Addressing minor comment that was missed.

mlir/include/mlir/Dialect/SCF/Transforms/TileUsingInterface.h
93

Sorry, that was confusing. Fixed.

mlir/lib/Dialect/SCF/Transforms/TileUsingInterface.cpp
674–684

Dropped the FailureOr from the called method. It always succeeds.

mlir/test/lib/Interfaces/TilingInterface/TestTilingInterface.cpp
272–274

tile and fuse doesnt work with memrefs and also with memref there is no replacement to do.

hanchung added inline comments.Nov 28 2022, 11:30 AM
mlir/lib/Dialect/SCF/Transforms/TileUsingInterface.cpp
674–684

do we need to capture the result of yieldTiledValues? It's not used, and I assume that it's only for generating IRs.

hanchung accepted this revision.Nov 30 2022, 1:19 PM
hanchung added inline comments.
mlir/test/lib/Interfaces/TilingInterface/TestTilingInterface.cpp
36

should be consistent with other uses (see below)

This revision is now accepted and ready to land.Nov 30 2022, 1:19 PM
nicolasvasilache requested changes to this revision.Nov 30 2022, 2:07 PM

This feels extremely fishy, I do not understand the use case or the value but see significant complexity increase.

Putting a blocker until I can make sense of this.

This revision now requires changes to proceed.Nov 30 2022, 2:07 PM

This feels extremely fishy, I do not understand the use case or the value but see significant complexity increase.

Putting a blocker until I can make sense of this.

I dont follow what is fishy here. This is the culmination of months long effort to fix this https://github.com/llvm/llvm-project/issues/57205 (which has been blocking things downstream for as long). The changes here are the same as what is done in lines 394 - 407 that returns the replacements for the tiled consumer. This is now returning the replacements for a fused producer when that the caller determines is worth/valid to return. It is too much state to track if this value is returnable or not from the fused code. So this is left as a caller flag, so its a complete opt-in, and controlled by the caller. I dont see the complexity increase. Happy to discuss offline. This needs to be solved, and it was determined that the previous tile+fuse method was not structured enough to fix the original issue, so it was redone to make this issue solvable...

nicolasvasilache resigned from this revision.Dec 1 2022, 2:29 AM

This feels extremely fishy, I do not understand the use case or the value but see significant complexity increase.

Putting a blocker until I can make sense of this.

I dont follow what is fishy here.
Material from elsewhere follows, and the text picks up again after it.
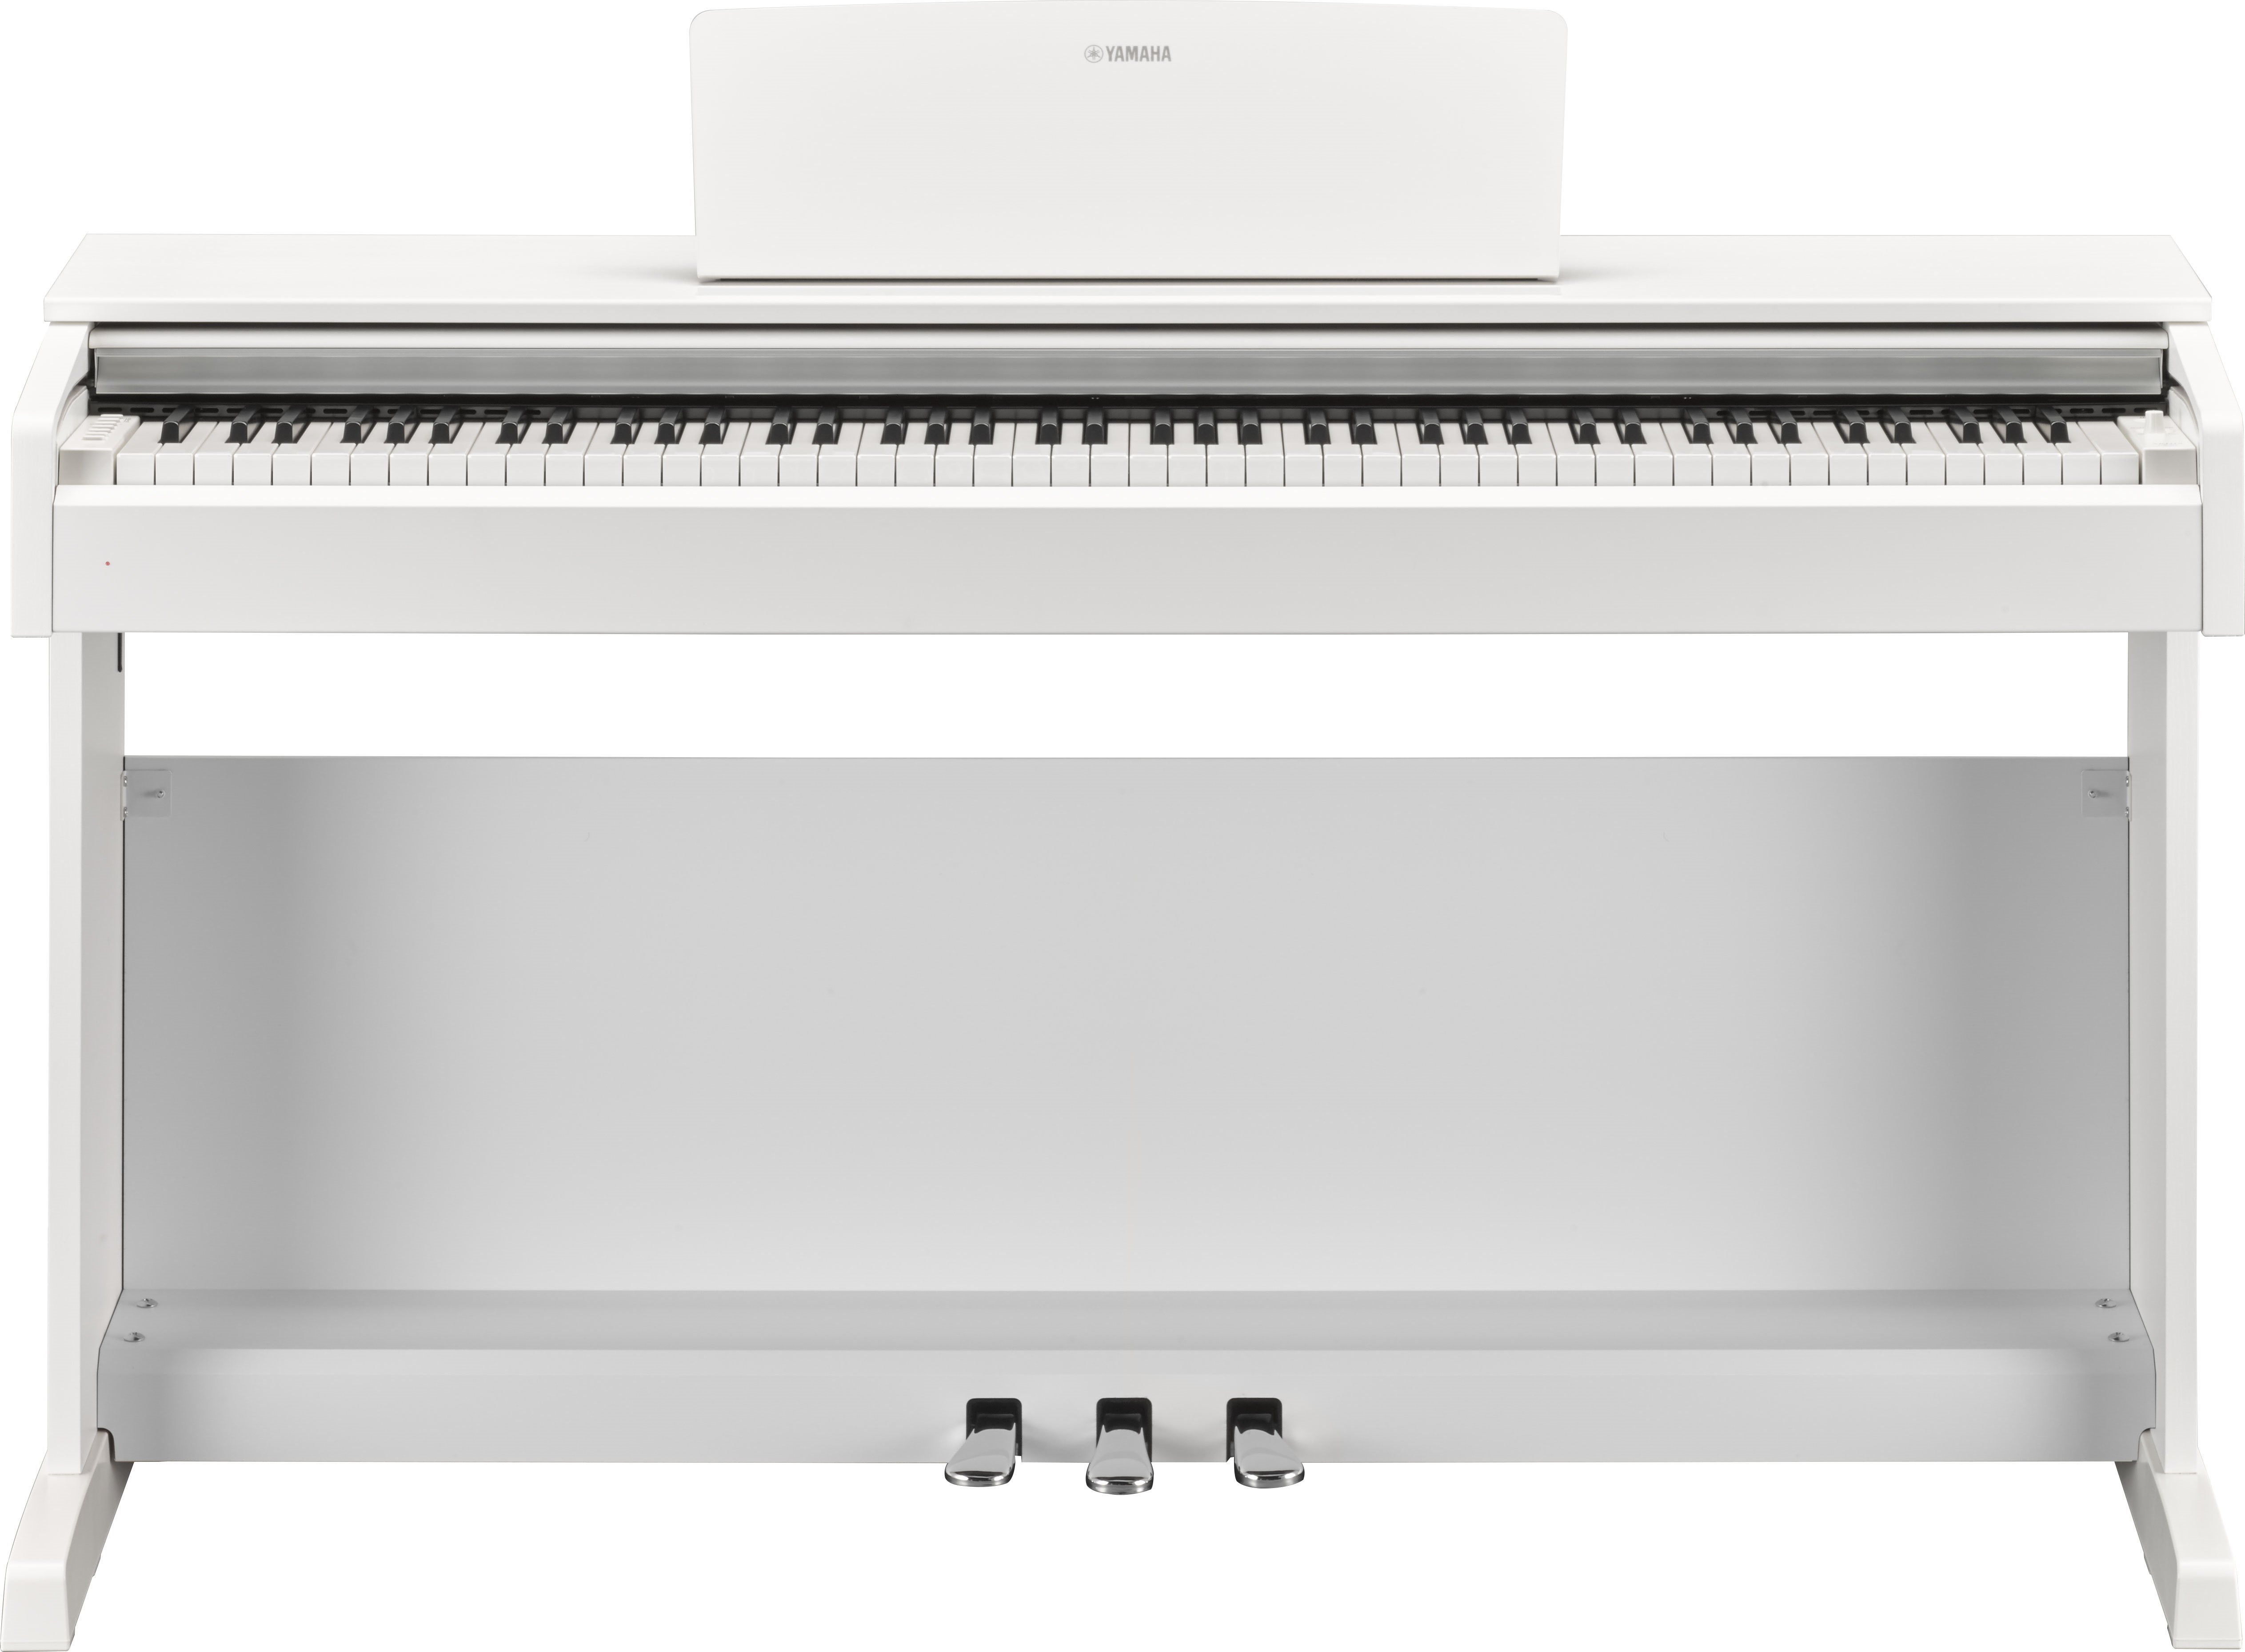 pausa desconectado Azul YDP-143 - Descripción - ARIUS - Pianos - Instrumentos musicales - Productos  - Yamaha - España

This is the culmination of months long effort to fix this https://github.com/llvm/llvm-project/issues/57205 (which has been blocking things downstream for as long). The changes here are the same as what is done in lines 394 - 407 that returns the replacements for the tiled consumer. This is now returning the replacements for a fused producer when that the caller determines is worth/valid to return. It is too much state to track if this value is returnable or not from the fused code. So this is left as a caller flag, so its a complete opt-in, and controlled by the caller. I dont see the complexity increase. Happy to discuss offline. This needs to be solved, and it was determined that the previous tile+fuse method was not structured enough to fix the original issue, so it was redone to make this issue solvable...

I'll paste my comment from https://reviews.llvm.org/D138882 here.
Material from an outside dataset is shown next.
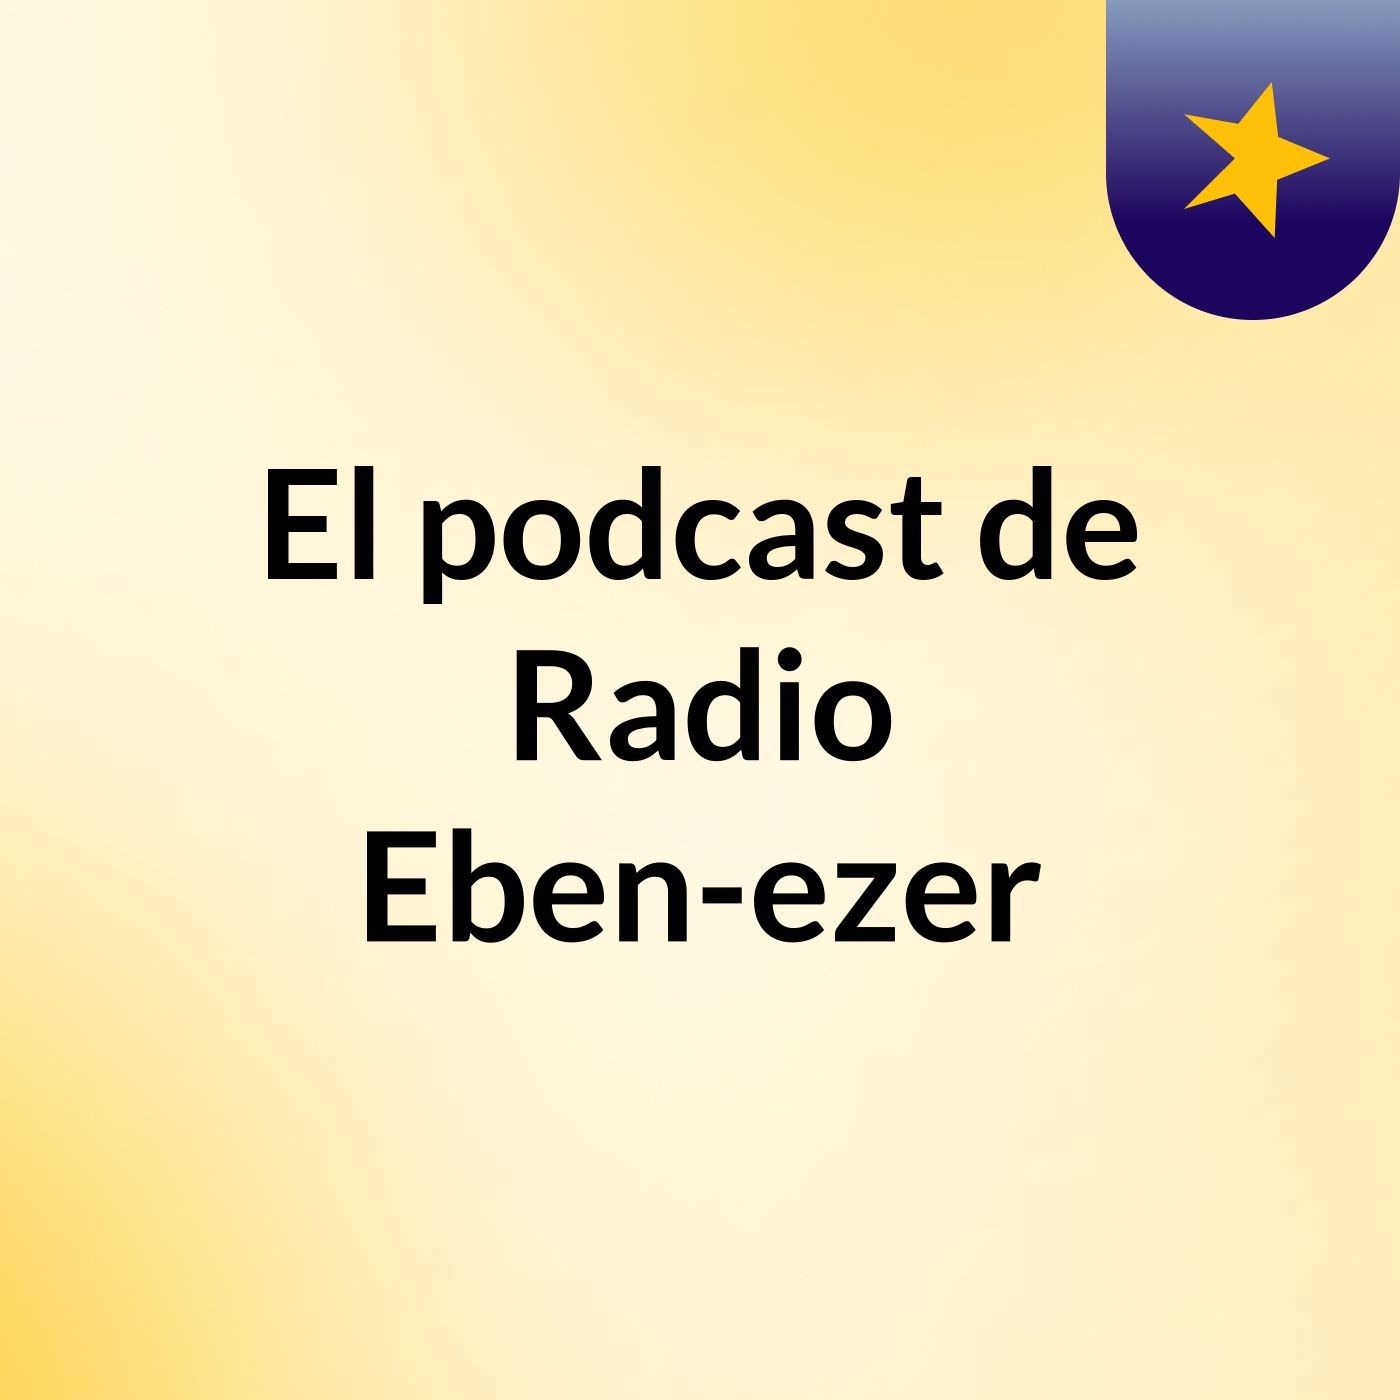 El podcast de Radio Eben-ezer

Injecting lambda form above allows inversion of control that is convenient very short term and has almost always proven to very quickly turn to technical debt.

Given recent offline discussions I had and other parts of the codebase I have seen, I am going to more seriously push back against this anti-pattern globally.
Injecting C++ callback control from above is a sign of missing abstractions and should almost always be disallowed.
The alternative is often to refactor multiple times until the right abstractions emerge.

In other words, the transformations we add must be functional-style, statically return the pieces of IR (existing created or updated) that make sense for that transform.
This is not something customizable, if you need more information then statically return more information: no backchannels through lambdas.

If you need different behaviors, instead of injecting a dynamic mechanism through a lambda, write another transformation that takes more/different inputs and return more/different outputs.
Refactor the reusable utility helpers to avoid copy-pasta.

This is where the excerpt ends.